Although there is no cure for Angelman syndrome, recent studies in mouse models based on UBE3A gene replacement or reactivation in neurons hold great therapeutic potential, including for the treatment of epilepsy.

Reanalyzing Gene Tests Prompts New Diagnoses in Kids

A new study from UT Southwestern quantifies for the first time how quickly rapid advancements in genomics may benefit patients. Research published in JAMA Pediatrics includes a five-year review of more than 300 epilepsy cases that showed nearly a third of children had a change in diagnosis based on new data.

Based on these data, scientists are calling for parents to review gene tests done in children with epilepsy at least every two years to ensure their diagnoses and treatments are based on the latest discoveries. This finding is significant because the leading genome societies have suggested periodic checks but have not recommended how frequently these should be made.

Much remains unknown about the human genome. One widely used database contains about 175,000 “variants of uncertain significance” – approximately double the number of genetic variants believed to cause disease.

Still, the new research shows how quickly scientists are piecing the puzzle together. The study found that 31 percent of the patients received a diagnosis based on a new understanding of their genetic variant within the five-year window. In patients who received a genetic test result as recently as two years prior, researchers still found 25 percent had a disease-causing variant reclassified.

New Causative Gene Found in Severe Childhood Epilepsy

A large international research team has discovered a new genetic cause for a severe, difficult-to-treat childhood epilepsy syndrome. Spontaneous mutations in one gene disrupt the flow of calcium in brain cells, resulting in epileptic overactivity. The team’s research in patients also found clues to potential medical treatments for the rare condition.

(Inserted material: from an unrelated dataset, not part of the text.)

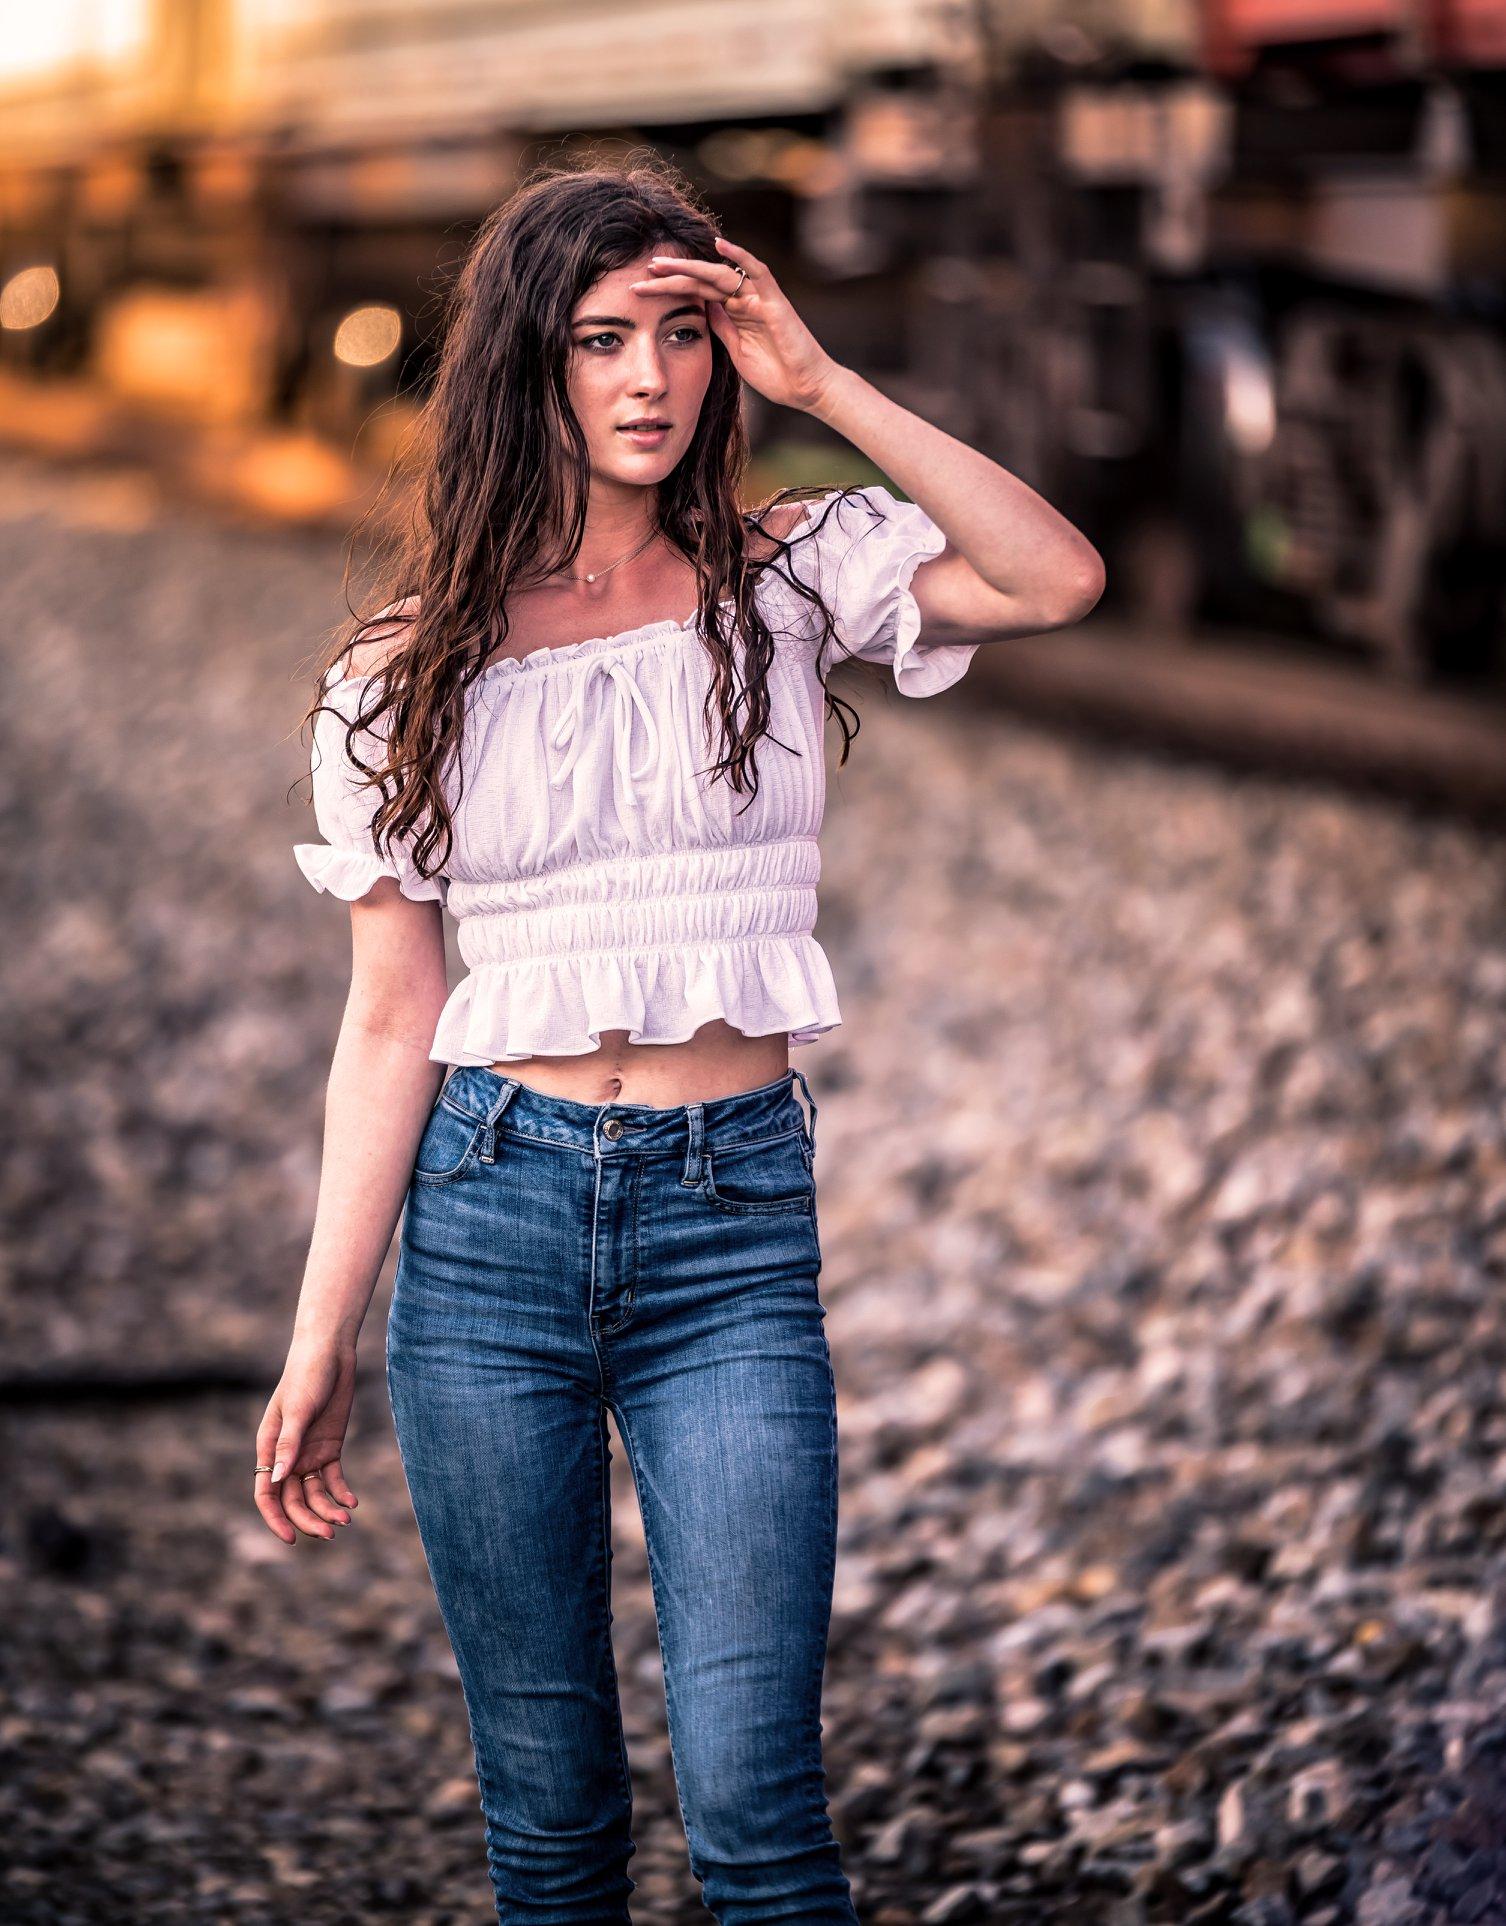 Portrait Photography Alpharetta

“Even though variants in this gene were only just discovered to cause disease, we already have a good understanding of how changes in the gene’s associated protein affect brain function–causing neural overactivity in epilepsy,” said first author Katherine L. Helbig, MS, CGC, a research genetic counselor in the Neurogenetics Program in the Division of Neurology at Children’s Hospital of Philadelphia (CHOP). “Furthermore, although much follow-up research remains to be done, we found that there is a possibility that specific anti-seizure medications could reduce this overactivity in some patients.”

The research team focused on disease-causing changes in the CACNAIE gene, long suspected to play a key role in how neurons regulate their electrical activity, but not previously known to cause human disease. This study was the first to link the gene to human epilepsy.